Toledo’s storm water utility was created in 2000, and the original GIS data was compiled by interns. That GIS data was manually updated and edited over time, leading to human error and data inconsistencies. In 2015, Toledo contracted with Woolpert to acquire aerial imagery and lidar data to perform impervious surface mapping. Aerial imagery was collected in 2017 and the evaluation of that data began in February 2019. 

Lorie Haslinger, senior professional engineer for Toledo, said this mapping provides a more consistent and accurate measurement of the city’s impervious surfaces to produce more precise and defensible storm water utility data.

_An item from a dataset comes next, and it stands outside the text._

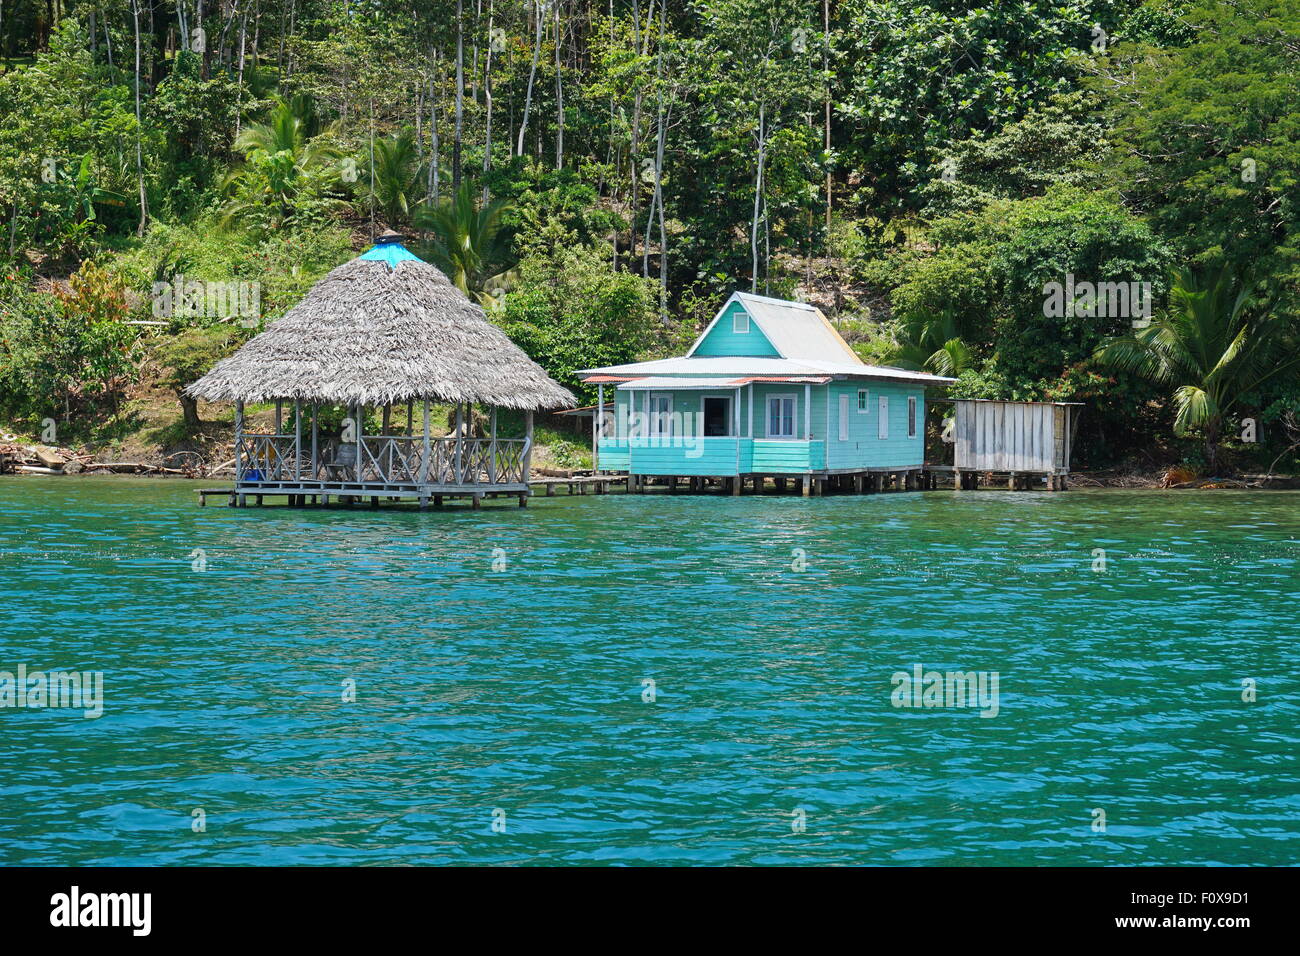 Maison typique avec hutte de chaume au-dessus de l'eau dans la région de Bocas del Toro, PANAMA, côte des Caraïbes de l'Amérique centrale Banque D'Images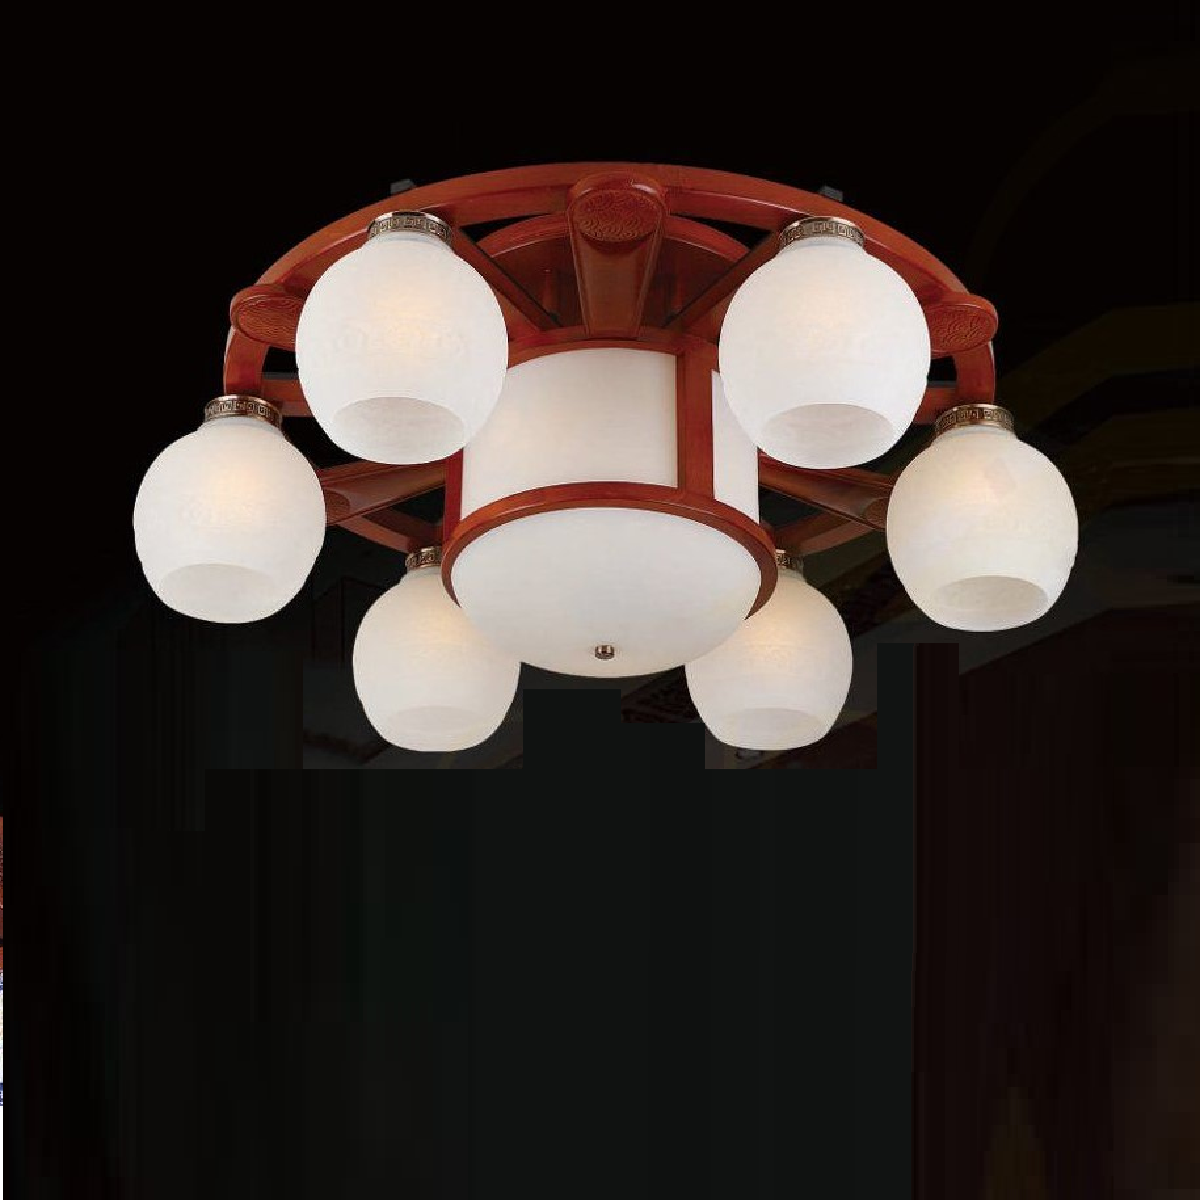 CODE: 86760 - 6+1: Đèn chùm gắn sát trần 7 tay chao thủy tinh - KT: Ø800mm - Bóng đèn E27

“The goal of this project is to ensure fair, accurate and consistent billing for property owners,” Haslinger said. “The city previously only measured the impervious surfaces of non-residential customers and did not measure surfaces such as gravel or stone. This project will measure that data. I anticipate that this will lead to internal discussions on how the storm water rate is calculated and will give the city a better representation of the amount and types of impervious surfaces we have.”

The Glass City

The city of Toledo is spread out across approximately 80 square miles on the western edge of Lake Erie in Lucas County, Ohio. A busy port city with a population of about 273,000, Toledo is the fourth most populous city in Ohio. Toledo is bisected by the Maumee River, which empties into Lake Erie and is the city’s primary water source. There is significant commercial boat traffic through Toledo, which is considered the fifth busiest port city among the Great Lakes. It was once considered the glass capital of the world, earning the nickname “The Glass City,” and still maintains strong industrial roots. 

Like many other medium-to-large cities, managing storm water runoff is both a priority and challenge for Toledo. The city maintains approximately 986 miles of storm sewers and 64 miles of drainage ditches. A highly developed city, Toledo features older neighborhoods with combined sewer areas and homes built near streams and filled-in natural floodplains. Haslinger said the area has seen a nearly 20% increase in rainfall in recent decades, and some homes are vulnerable to sewage backups in basements during large rain events.

“The storm water system is designed to only handle certain storm events, and intense storms will overload aging infrastructure,” Haslinger said. “More intense storms lead to greater runoff from impervious areas and therefore a greater chance of pollutants being carried into the storm system and receiving stream. Intense rainfall also leads to increased erosion of our stream banks and decreased water quality and habitat within the stream.”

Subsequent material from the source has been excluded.